Power of Semantics Search combined with Elastic Search | ML on ELK ¶
Soumil Nitin Shah¶
Bachelor in Electronic Engineering | Masters in Electrical Engineering | Master in Computer Engineering |
- Website : https://soumilshah.herokuapp.com
- Github: https://github.com/soumilshah1995
- Linkedin: https://www.linkedin.com/in/shah-soumil/
- Blog: https://soumilshah1995.blogspot.com/
- Youtube : https://www.youtube.com/channel/UC_eOodxvwS_H7x2uLQa-svw?view_as=subscriber
- Facebook Page : https://www.facebook.com/soumilshah1995/
- Email : shahsoumil519@gmail.com
Step 1: Define imports¶
In [4]:
try:
import json
import os
import uuid
import pandas as pd
import numpy as np
import elasticsearch
from elasticsearch import Elasticsearch
from elasticsearch import helpers
from sentence_transformers import SentenceTransformer, util
from tqdm import tqdm
from dotenv import load_dotenv
load_dotenv("secret.env")
except Exception as e:
print("Some Modules are Missing :{}".format(e))
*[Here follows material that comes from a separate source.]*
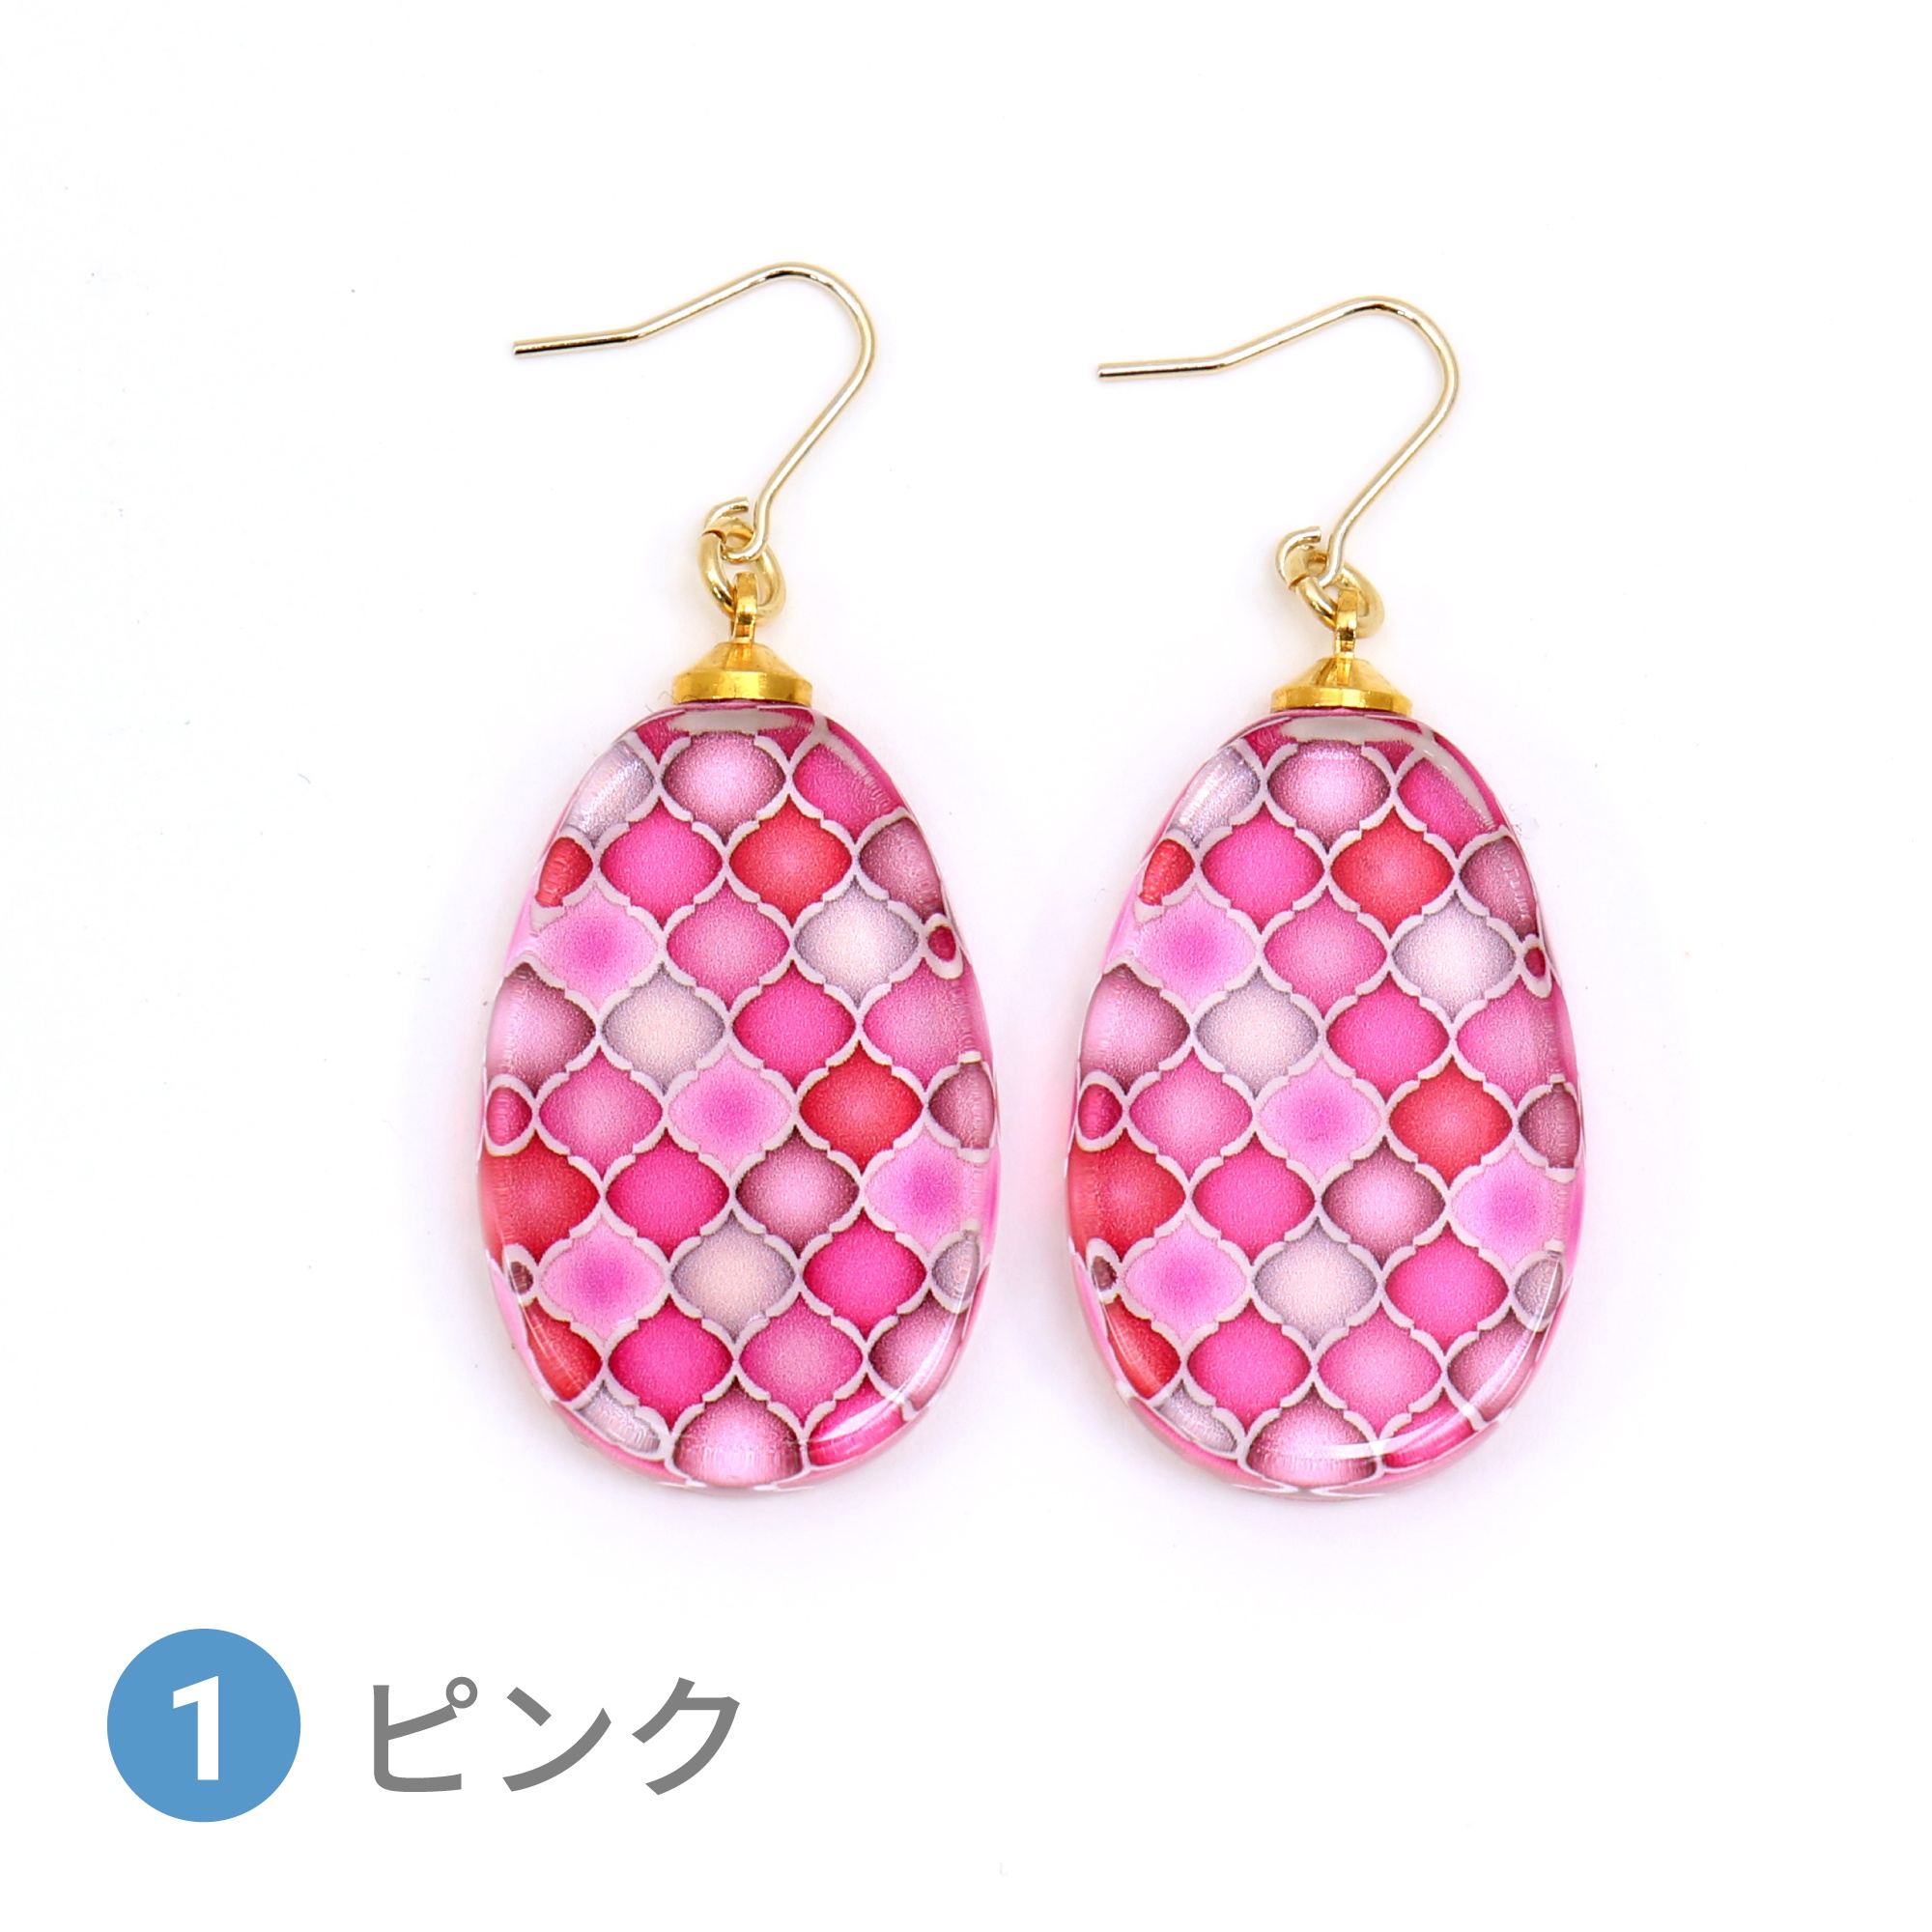 Glass accessories Pierced Earring MOROCCAN pink drop shape

Step 2: Define helper classes¶
In [5]:
class Reader(object):
def __init__(self, file_name):
self.file_name = file_name
def run(self):
df = pd.read_csv(self.file_name, chunksize=3000)
df = next(df)
df = df.fillna("")
return df
- This class will Convert given text into Tokens
In [6]:
class Tokenizer(object):
def __init__(self):
self.model = SentenceTransformer('all-MiniLM-L6-v2')
def get_token(self, documents):
sentences = [documents]
sentence_embeddings = self.model.encode(sentences)
_ = list(sentence_embeddings.flatten())
encod_np_array = np.array(_)
encod_list = encod_np_array.tolist()
return encod_list
In [7]:
class ElasticSearchImports(object):
def __init__(self, df, index_name='posting'):
self.df = df
self.index_name = index_name
self.es = Elasticsearch(timeout=600,hosts=os.getenv("ENDPOINT"))
def run(self):
elk_data = self.df.to_dict("records")
for job in elk_data:
try:self.es.index(index=self.index_name,body=job)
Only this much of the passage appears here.